There’s an amazing amount of information encoded in simple bird calls. Consider chickadees. In the winter months throughout North America, chickadees are faced with a wide variety of different potential predators, such as owls, accipiter hawks, and merlins. Interestingly, a relatively large potential predator such as a Great Horned Owl poses less of a threat to a chickadee than does a small Northern Pygmy-Owl. This is because maneuverability in flight generally increases as the body size of a bird decreases, so a chickadee can more easily evade an attack by a bigger than by a smaller predatory bird.

One way chickadees might communicate information about the level of predator threat is with the “chick-a-dee” call.

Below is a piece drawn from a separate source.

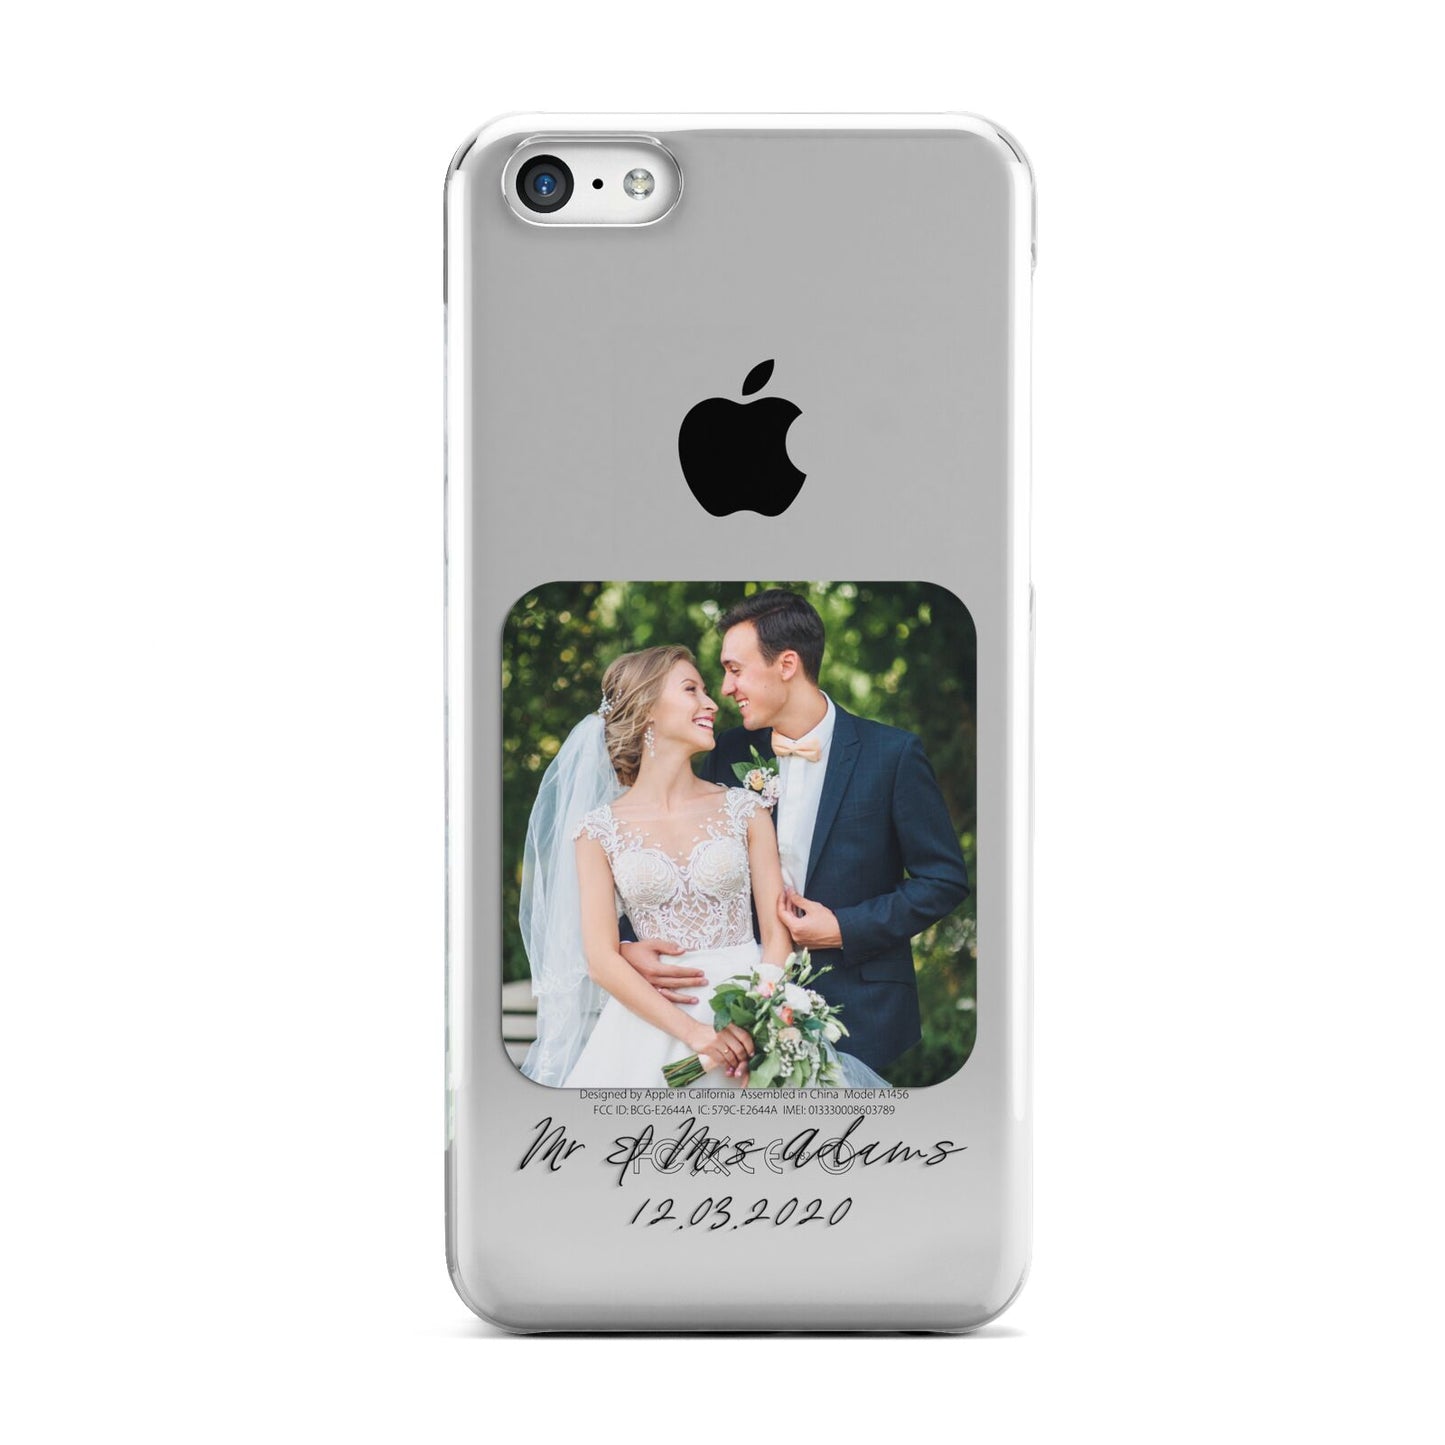 Wedding Photo Upload Keepsake with Text Apple iPhone 5c Case

To test whether the “chick-a-dee” vocalization varies in some predictable way with perceived threat, University of Montana researchers Erick Greene, Chris Templeton, and Kate Davis introduced perched live predatory birds into large, outdoor, semi-natural aviaries that contained flocks of chickadees. Predators included a dozen different species raptors that ranged 10-fold in body size from the tiny Northern Pygmy-Owl to the large Great Horned Owl. During each presentation, they recorded vocalizations of the chickadees.

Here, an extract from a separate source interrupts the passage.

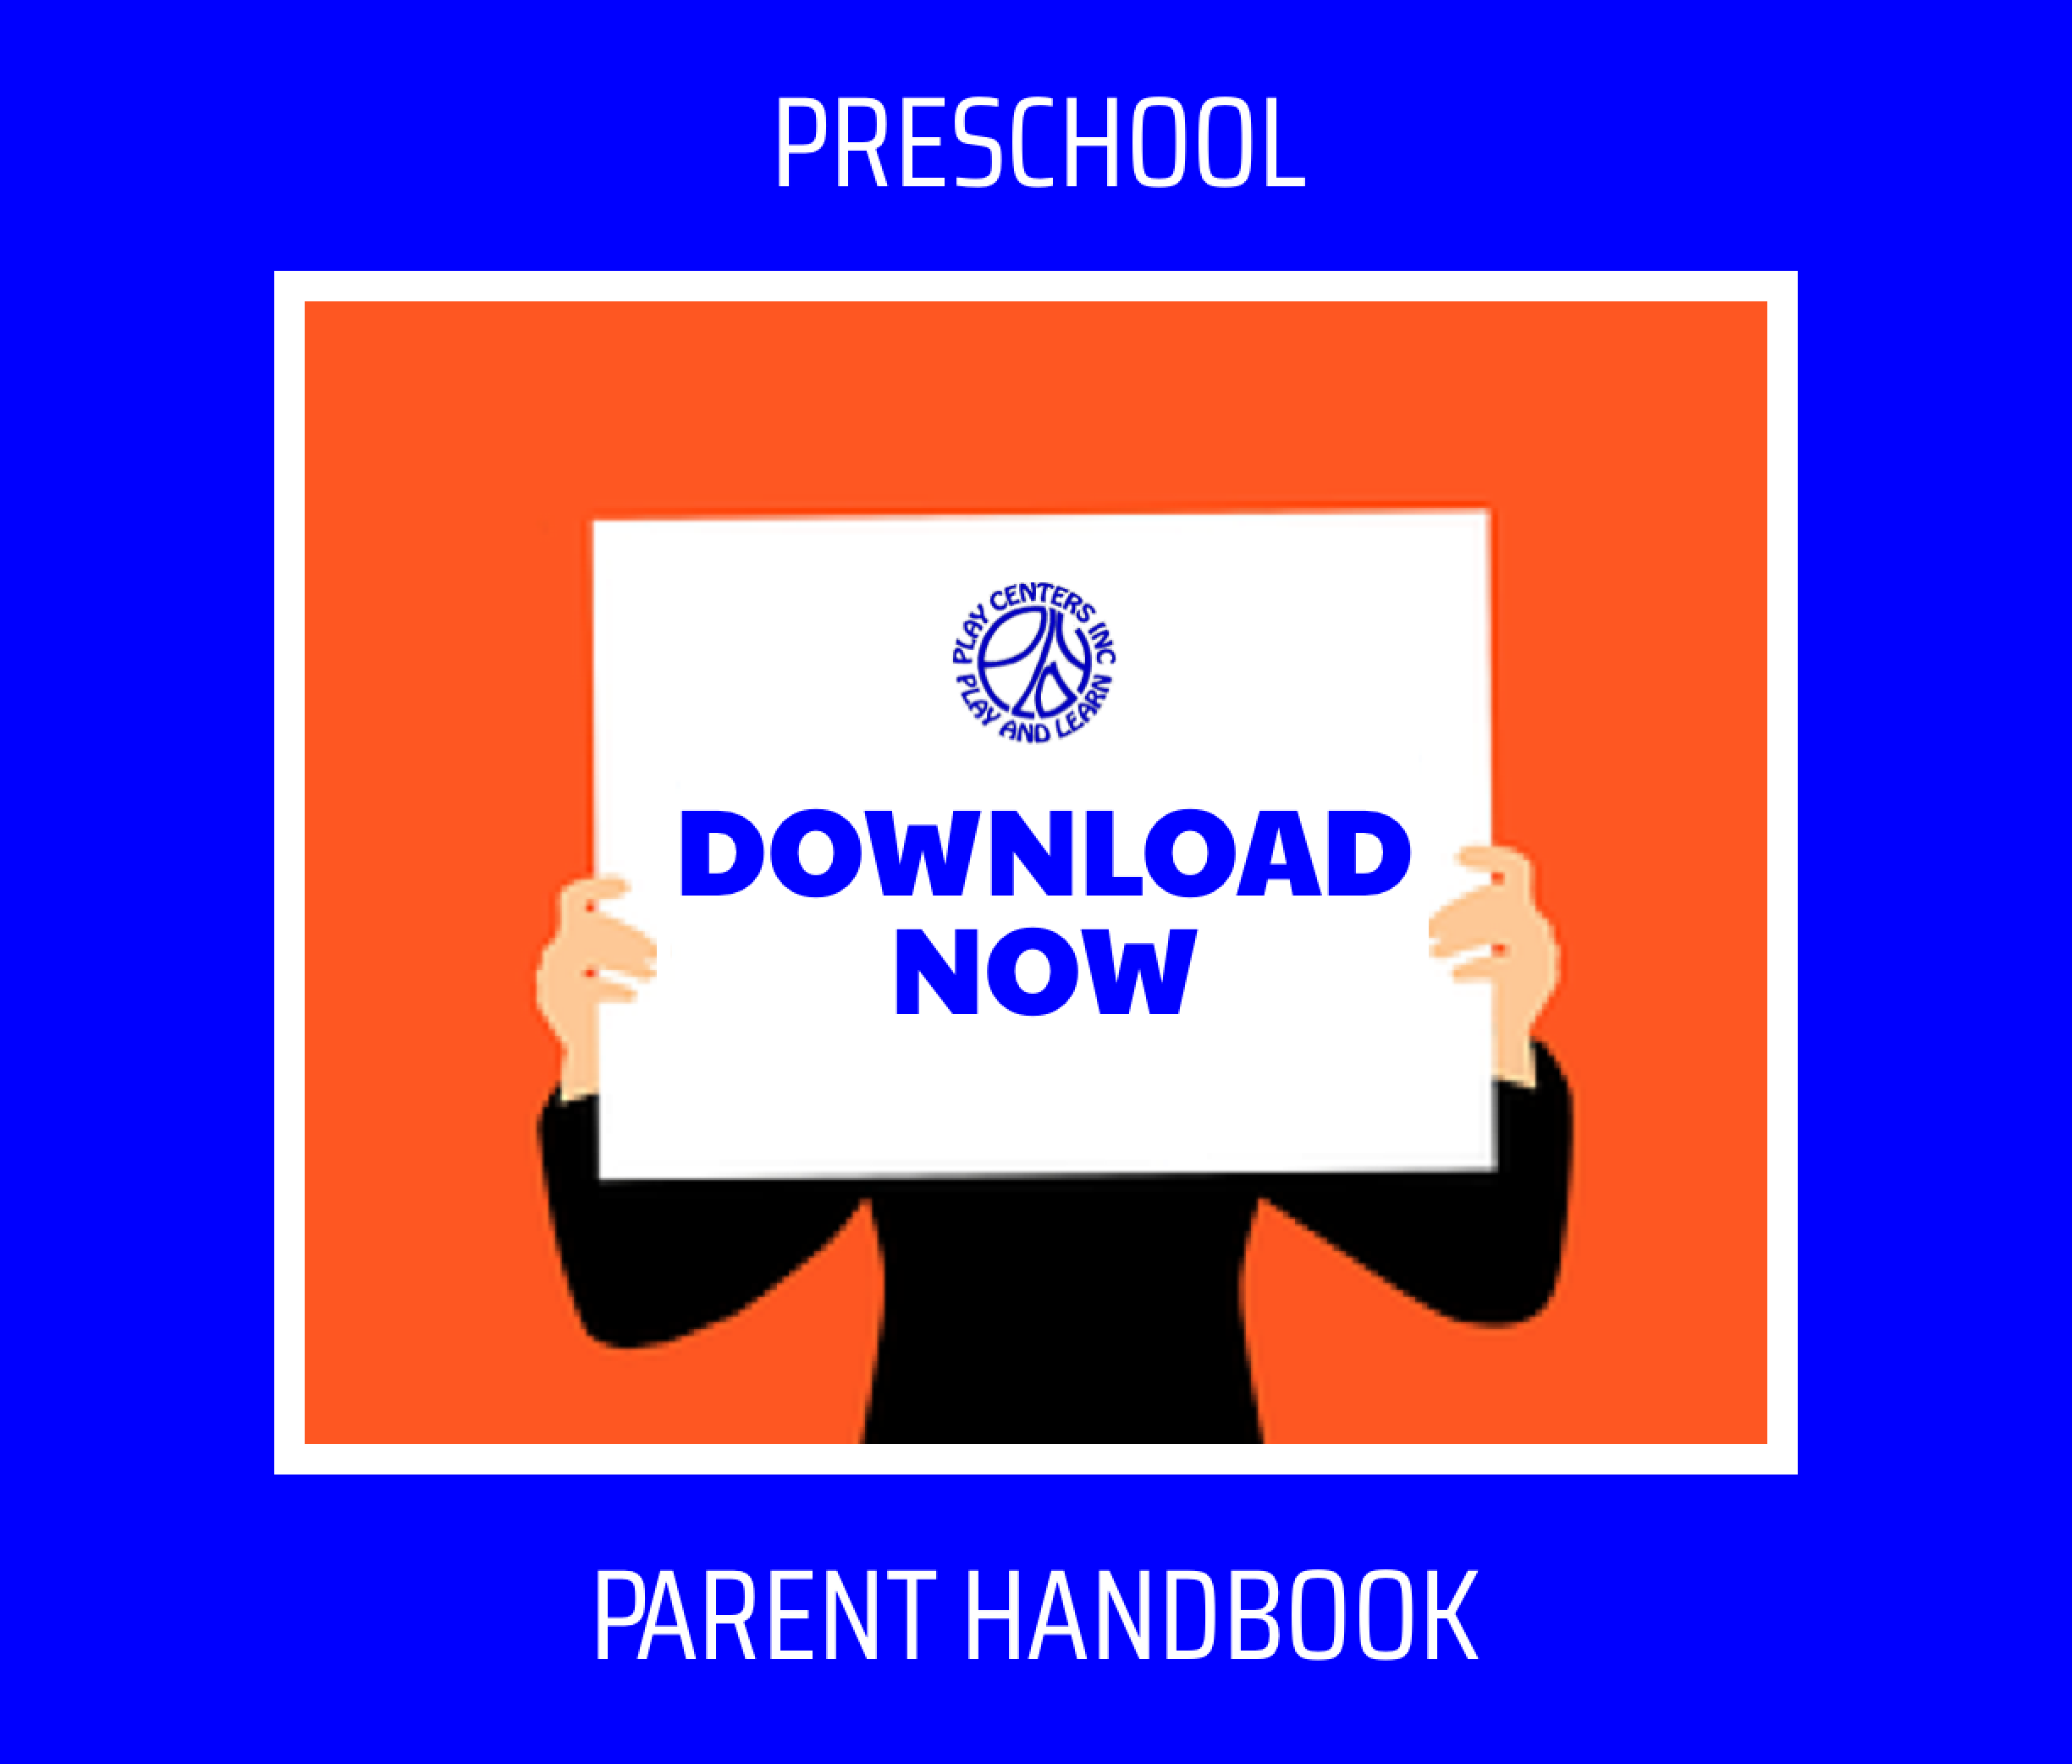 Preschool Handbook "Download now" ad.

They discovered that the “dee dee” portion of the “chick-a-dee” call of a Black-capped Chickadee signals information about the level of threat that a bird perceives. The greater the threat (like the threat of predation from a smaller owl or a merlin), the more “dees” there were at the end of the call! Not only that, the researchers presented only the vocalizations that were recorded in response to both Northern Pygmy-Owls (high threat) and Great Horned Owls (low threat) to other chickadee flocks. The chickadees that were presented with recordings also responded much more strongly to the high-threat “chick-a-dee” calls than to the low-threat calls by approaching the playback speaker and increasing their vocalization rates.

Taken together, these results indicate that the information encoded in the “chick-a-dee” call can actually be used for communicating information about predator risk to other flockmates. And you thought they were just trying to be cute!